Publisher’s note Springer Nature remains neutral with regard to jurisdictional claims in published maps and institutional affiliations.

Extended data figures and tables

Extended Data Fig. 1 tBLG devices.

a, b, Top, optical images of device 1 (a) and device 2 (b).
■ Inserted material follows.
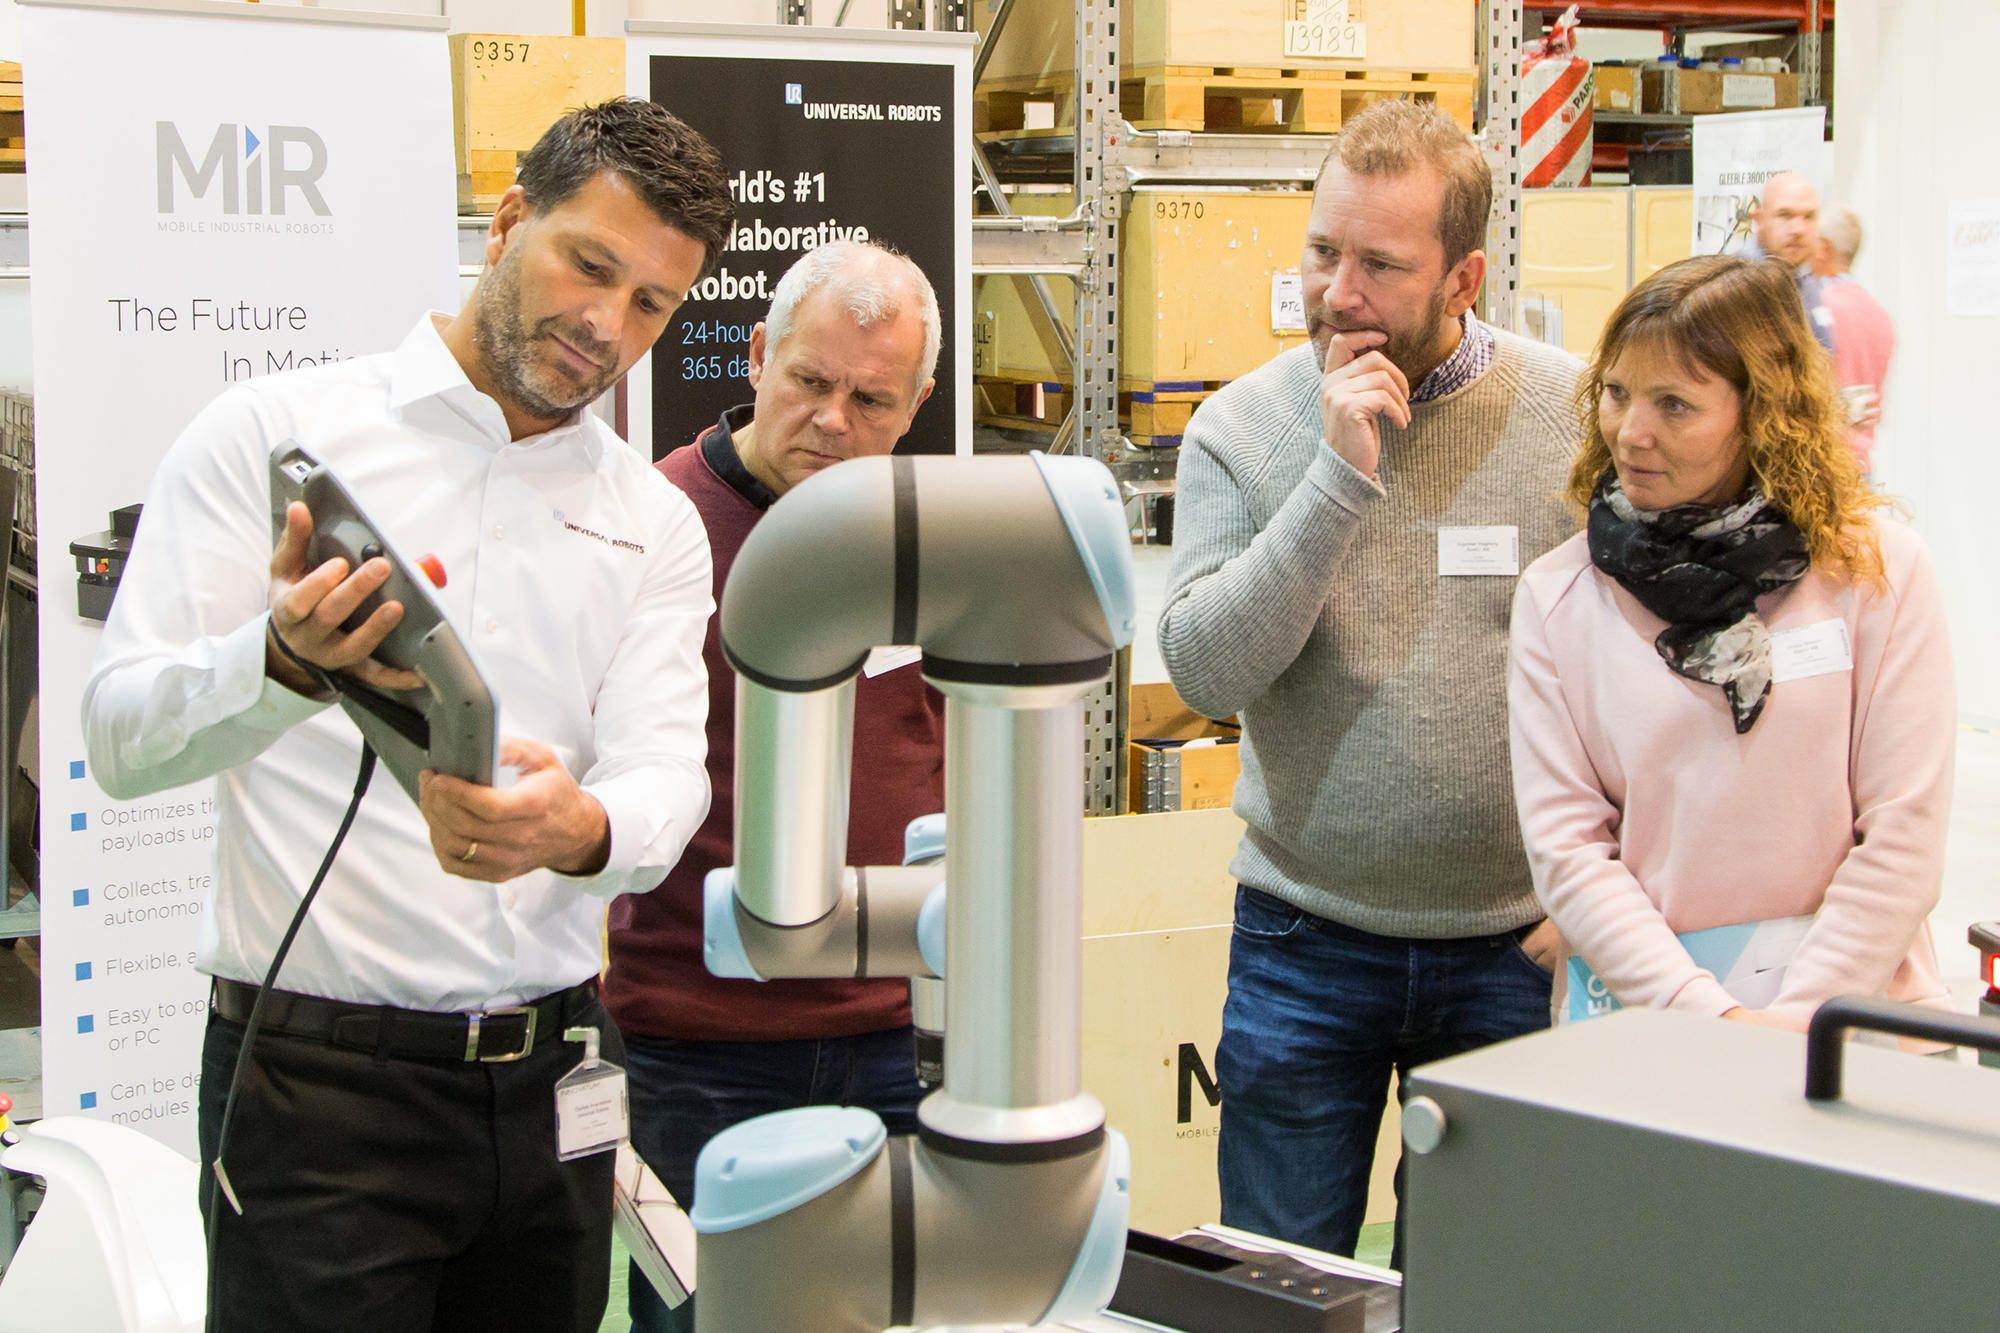 Demo Universal Robots

Scale bars correspond to 5 μm. Bottom, schematic of the tBLG heterostructures for device 1 (a) and device 2 (b).

Extended Data Fig. 2 Temperature dependence of the resistivity ρxx.

a, b, d, e, ρxx as a function of the nominal filling factor ν0 at various temperatures up to 30 K in device 1 (a, linear scale; b, logarithmic scale) and device 2 (d, linear scale; e, logarithmic scale). The traces in a, b are measured at T = 1.5, 5, 8, 12, 17, 22 and 30 K and the traces in d, e are measured at T = 1.7, 5, 10, 15, 20, 25 and 30 K. c, f, Two-dimensional map of ρxx as a function of ν0 and T in device 1 (c) and device 2 (f).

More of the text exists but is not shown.